Building the Future: Operating Models and Talent for Scalable Growth

To support these emerging practices, companies must rearchitect their commercial operating model to enable cross-functional collaboration and accountability. Leaders should start with defining a unified job architecture that clarifies roles across marketing, product and sales, and aligns them to customer journey stages. Another key factor is co-developing launch plans and campaign strategies across commercial stakeholders.

To do so,  many successful firms establish commercialization councils or GTM pods that bring together field marketing, product management and sales enablement for collaboration purposes. To measure success holistically, teams must implement shared KPIs and dashboards that track performance across functions—such as ROMI, pipeline contribution and product adoption. Companies can complete this enablement process by investing in training programs to build commercialization capabilities that will foster a culture of continuous learning and feedback.

Case for Change

What to Expect and How to Invest: The Cost of Underinvestment

Industrial manufacturers that continue to underinvest in modern marketing and product management risk falling behind in a market increasingly shaped by digital-first buyers and complex solution selling. Legacy MarCom and event-heavy demand generation models yield diminishing returns in today’s non-linear buyer journey. Without strategic investment in digital infrastructure, field-aligned marketing and commercialization capabilities, organizations face stalled growth, inefficient seller support and poor ROMI. The data is clear: only 1.6% of revenue is typically allocated to marketing in industrials—far below what’s needed to drive transformation.

Where to Start

Firms should begin by assessing your current marketing and product management maturity across five growth initiatives: organizing for growth, achieving functional excellence, enhancing product commercialization, expanding digital coverage and optimizing demand generation. Throughout this process, leaders must prioritize building foundational capabilities in digital demand generation, field marketing alignment and product marketing. Firms should also establish cross-functional councils to drive upstream activation and guarantee alignment between product, marketing and sales.

Key Imperatives:

  • Modernize Messaging: Shift from generic MarCom to persona-based, value-driven messaging aligned to the buyer journey.
  • Digitize Demand Generation: Replace event-heavy calendars with digital-first, data-driven lead generation and nurturing.
  • Align to Sellers: Embed field marketing roles within sales teams to support commercialization and GTM execution.
  • Elevate Product Management: Build commercialization capabilities and governance to ensure market-fit and launch success.
  • Invest in Talent and Tools: Upskill teams and deploy marketing automation, CRM and analytics platforms to enable scale.
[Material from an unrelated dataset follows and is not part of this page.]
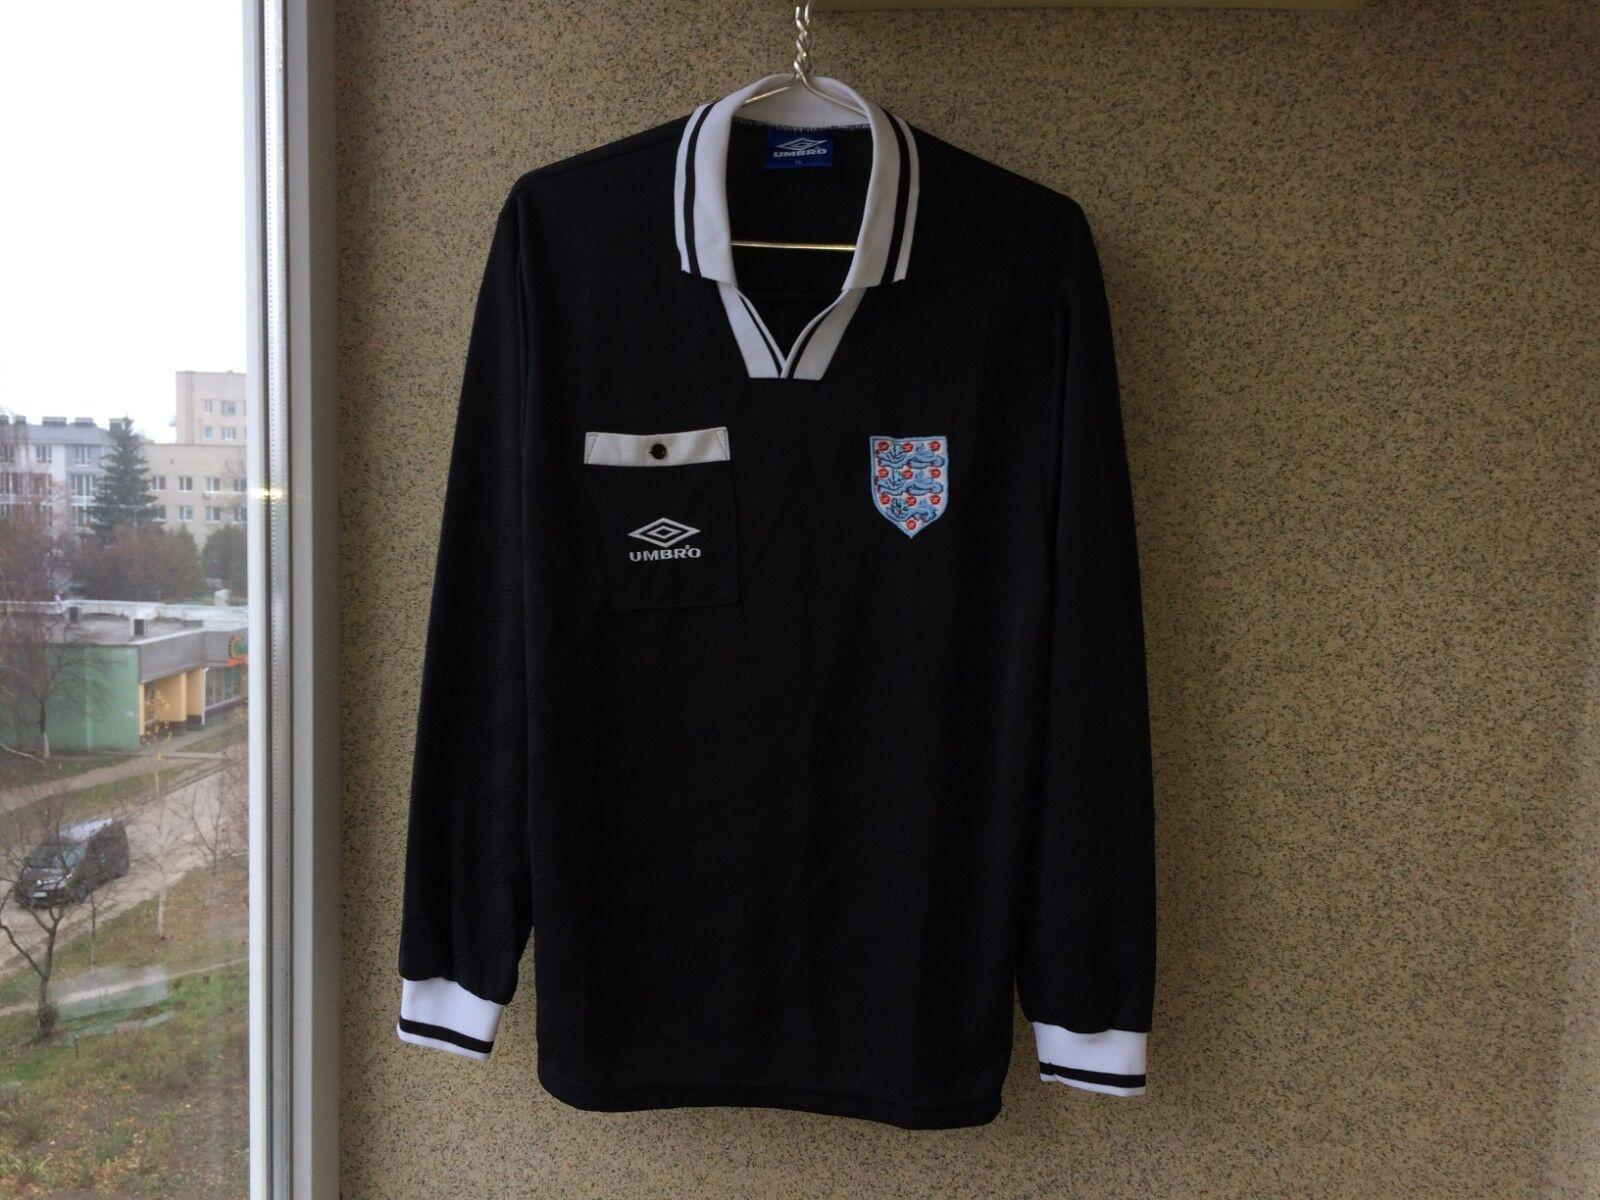 Football League 1998 2000 Umbro Referee Shirt XL OLD Soccer Camiseta long Sleeve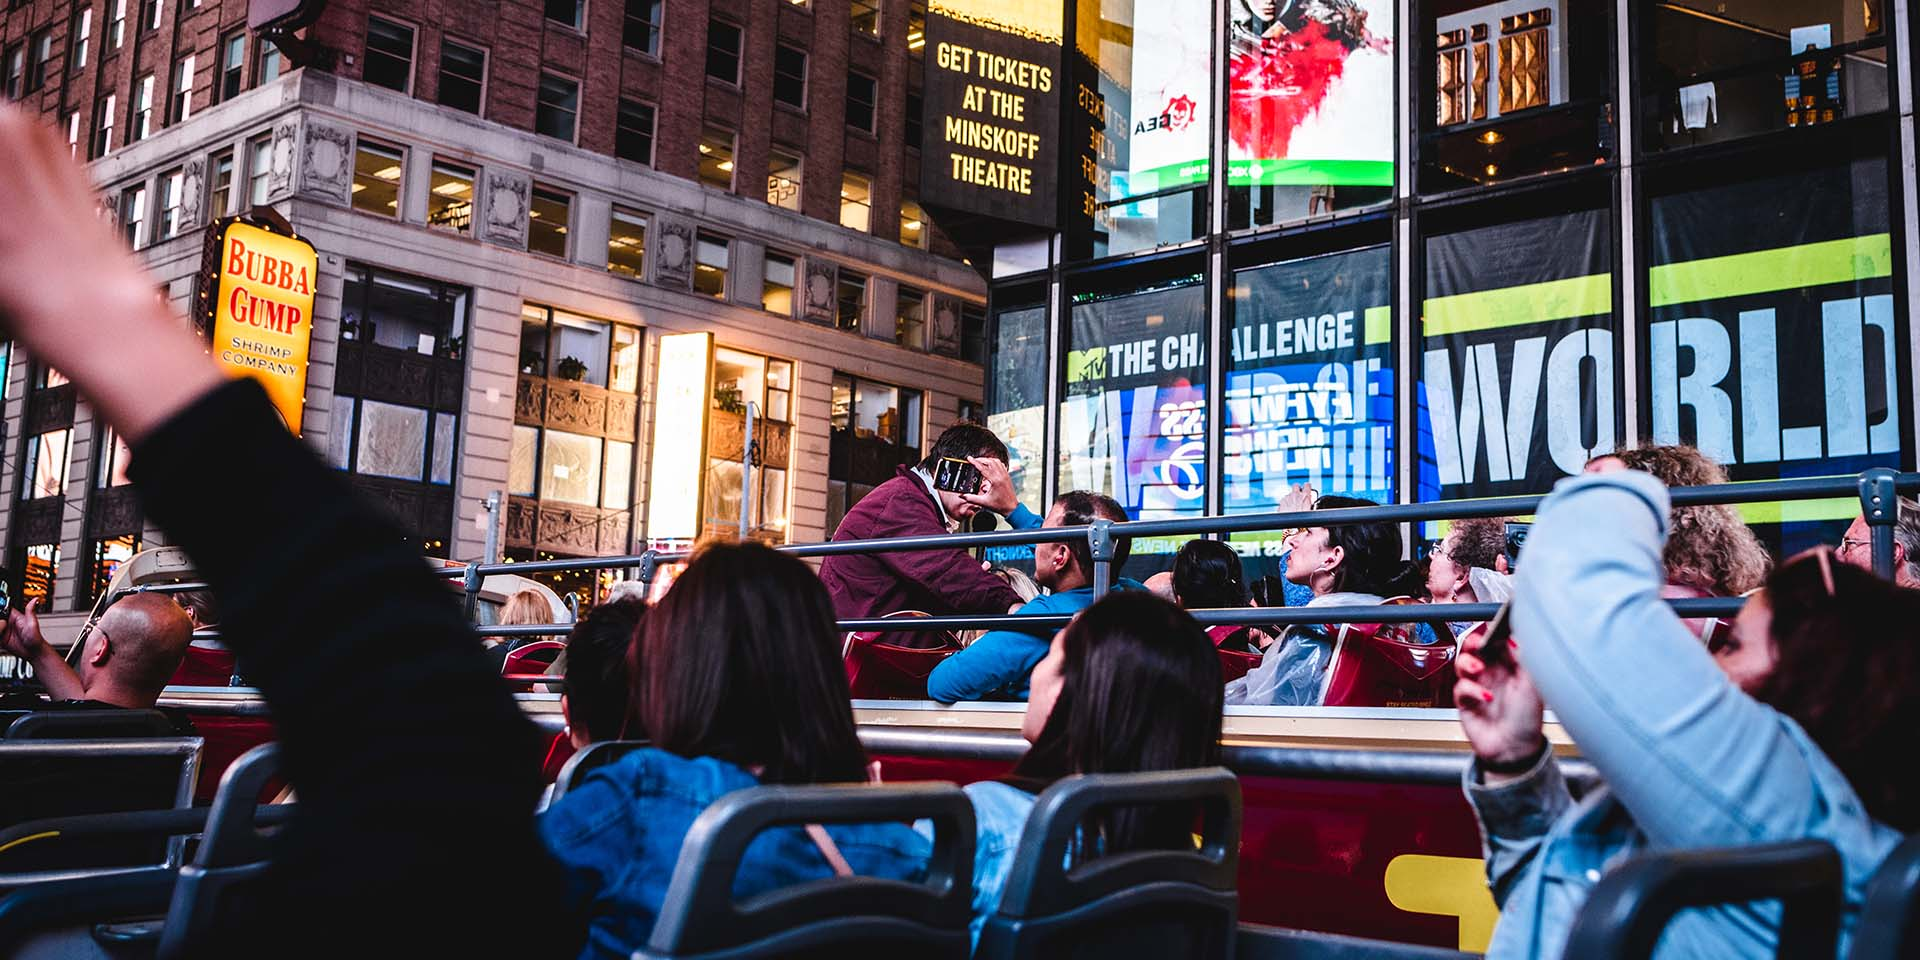 Best Night Bus Tour NYC Loving New York Reviews

What Does Success Look Like

Key Stat

Organizations that align marketing to sellers and invest in digital demand generation see up to 23% YoY pipeline growth60% increase in seller productivity and 2x improvement in marketing efficiency—all while reducing headcount by 14%.

Anecdote

A $3.6B industrial manufacturer transitioned from siloed, BU-level product and marketing functions to a centralized, cross-functional model. By establishing a product excellence council, embedding field marketers and digitizing demand generation, the manufacturer achieved consistent messaging, improved lead conversion and accelerated product launches. The result? Higher customer retention, increased upsell opportunities and a scalable model for growth.

The Path Forward

The path forward for industrial manufacturers is clear: growth will come not just from better products, but from better commercialization. By modernizing messaging, digitizing demand generation and aligning marketing with sales execution, companies can create a more agile, customer-centric and revenue-generating commercial model. These shifts require more than new tools—they demand new roles, new operating models and a commitment to cross-functional collaboration.

For organizations willing to invest in these emerging practices, the reward is a more scalable, differentiated and resilient go-to-market (GTM) engine—one built for the realities of today’s industrial economy.